There is also the lesson that, once convinced of the rightness of their plans, our governments must exercise the resolve to follow them through despite criticisms, provided they do not act outside the law and can show proof of the projected results in the long run as in the case of the Abuja airport.

Then there is the lesson that our public servants should be made to face the music for failing to deliver: The need to save themselves from the attendant shame can be a spur for personal success which can translate into success for our country. The fact is, but for the rare resolve to deliver reflected in Sirika’s pledge to resign if the airport was not reopened on schedule, its rehabilitation could have turned into another uncompleted project as we have scattered across our country, despite the resources committed to it, and we might have little or no choice but to whine helplessly and adjust to the resultant hardship afterwards.

Also, we should learn that countries are not much different from individuals. Most of them are fair-weather friends. In good times they will associate with us in pursuit of their interests and avoid us in difficult times or when they perceive our relationship to pose risks to them. Linked to this lesson is that we should prioritise our relationship with countries that show us the type of solidarity Ethiopia did by its airlines continuing to identify with us at such a critical time.
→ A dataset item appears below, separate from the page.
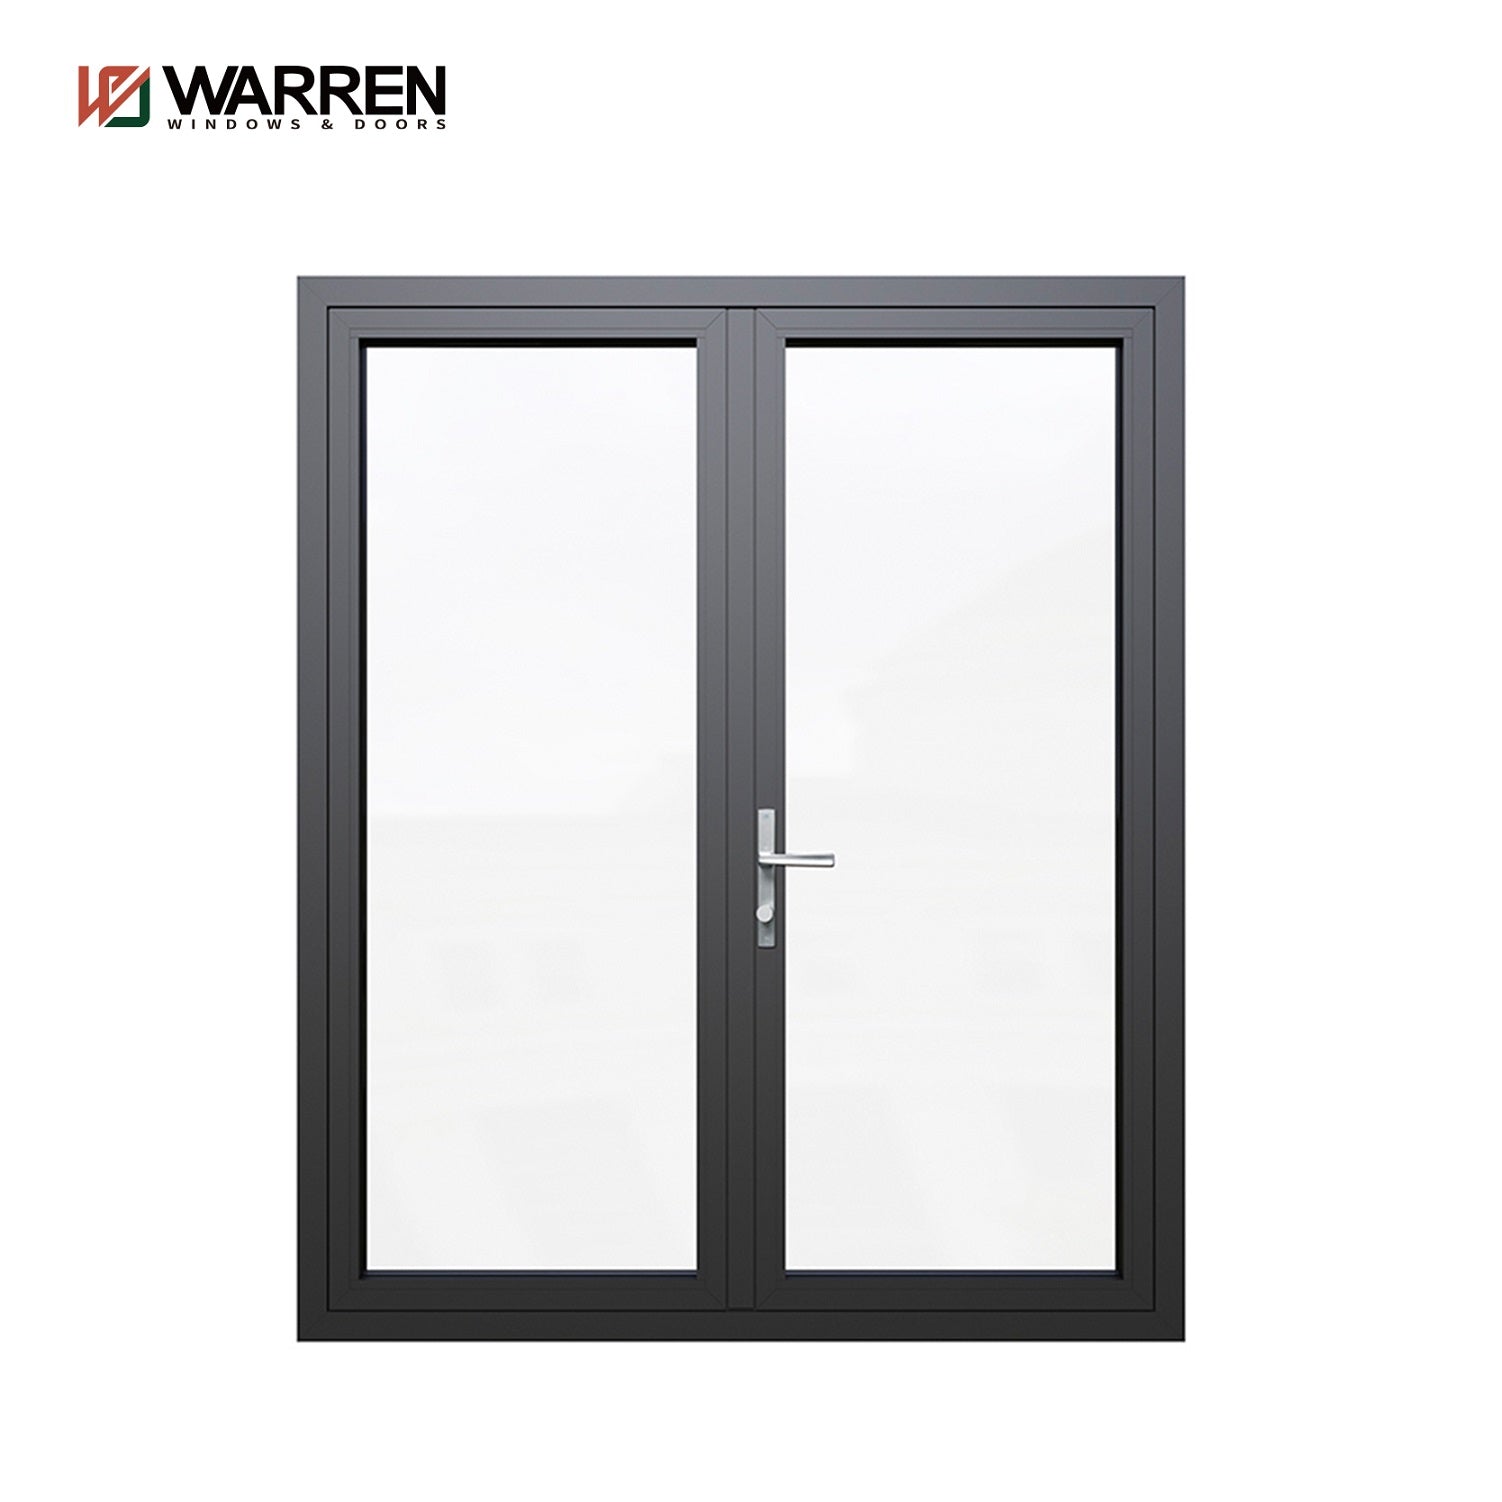 Warren Factory Direct Supplier Aluminum Casement Door Aluminum Door Hinge Suitable For Residential Offices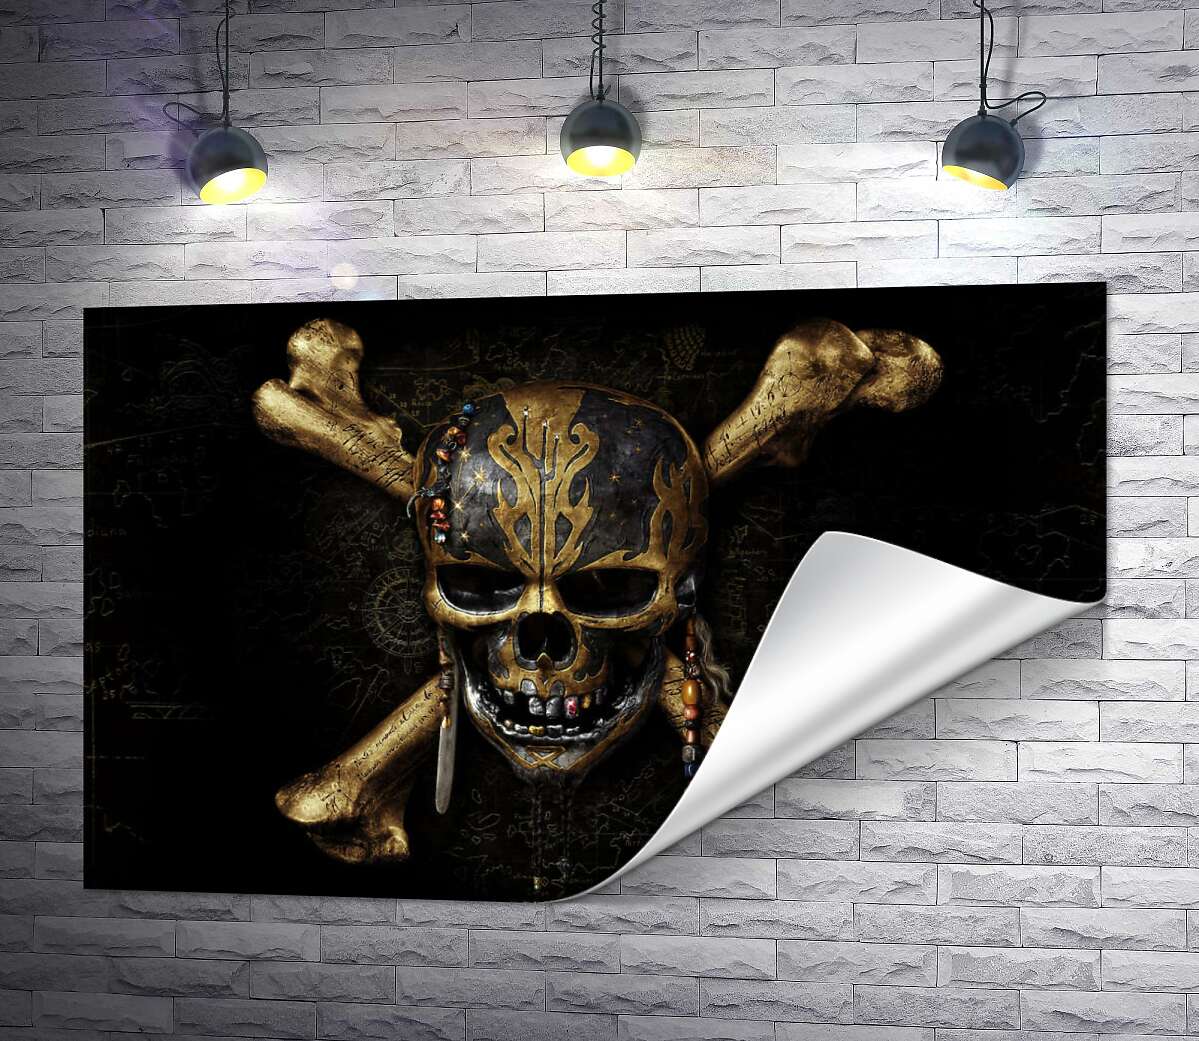 друк Череп пірата на постері до фільму "Пірати Карибського моря: Помста Салазара" (Pitates of the Caribbean: Dead Men Tell No Tales)

And we cannot say that the solidarity was motivated by its commercial interests since those countries that would rather keep a safe distance from us by their airlines refusing to fly to the alternative Kaduna airport, unlike Ethiopian Airlines, also have commercial interests in our country, some far more than Ethiopia. The boycott by those other countries somewhat reflects the Igbo saying: “Ozu siwa ishi, enyi ka nwanne alaa.”: “When the corpse begins to smell, the friends that are greater than family take their leave.” So our country must strengthen her ties with such a genuinely friendly and supportive country as Ethiopia and others she may still discover if she wishes to rebound and make sustainable progress.

There is also the lesson that we can prove our critics wrong by acting decisively, efficiently and patriotically in our national interest. Actually, the decision by the other airlines not to utilise the Kaduna airport while the Abuja airport was under rehabilitation implied their being critical of the capacity of the Kaduna airport to serve as an alternative for the Abuja airport as an interim measure. Well, it did.

And there is the lesson that self-reliance and belief in our country and government are critical to our success. The support we seek from most foreign countries to help revive our power sector, for instance, may become like the type we got from their airlines in respect of the Kaduna airport, leaving us to work out our salvation ourselves as we must when the chips are down.
Then there is the lesson that funds must be applied to the projects for which they are appropriated, like those for the rehabilitation of the Abuja airport, and the projects executed in accordance with their deadlines and by competent hands as Julius Berger has proven to be in carrying out the rehabilitation.

The final lesson from the Abuja airport rehabilitation and timely reopening is that we have summarised the blueprint for our country’s renaissance as efficiency, and that we can have a far more functional country if we can replicate that efficiency with many more projects and in other sectors nationwide.

Oke, a poet and public affairs analyst, lives in Abuja.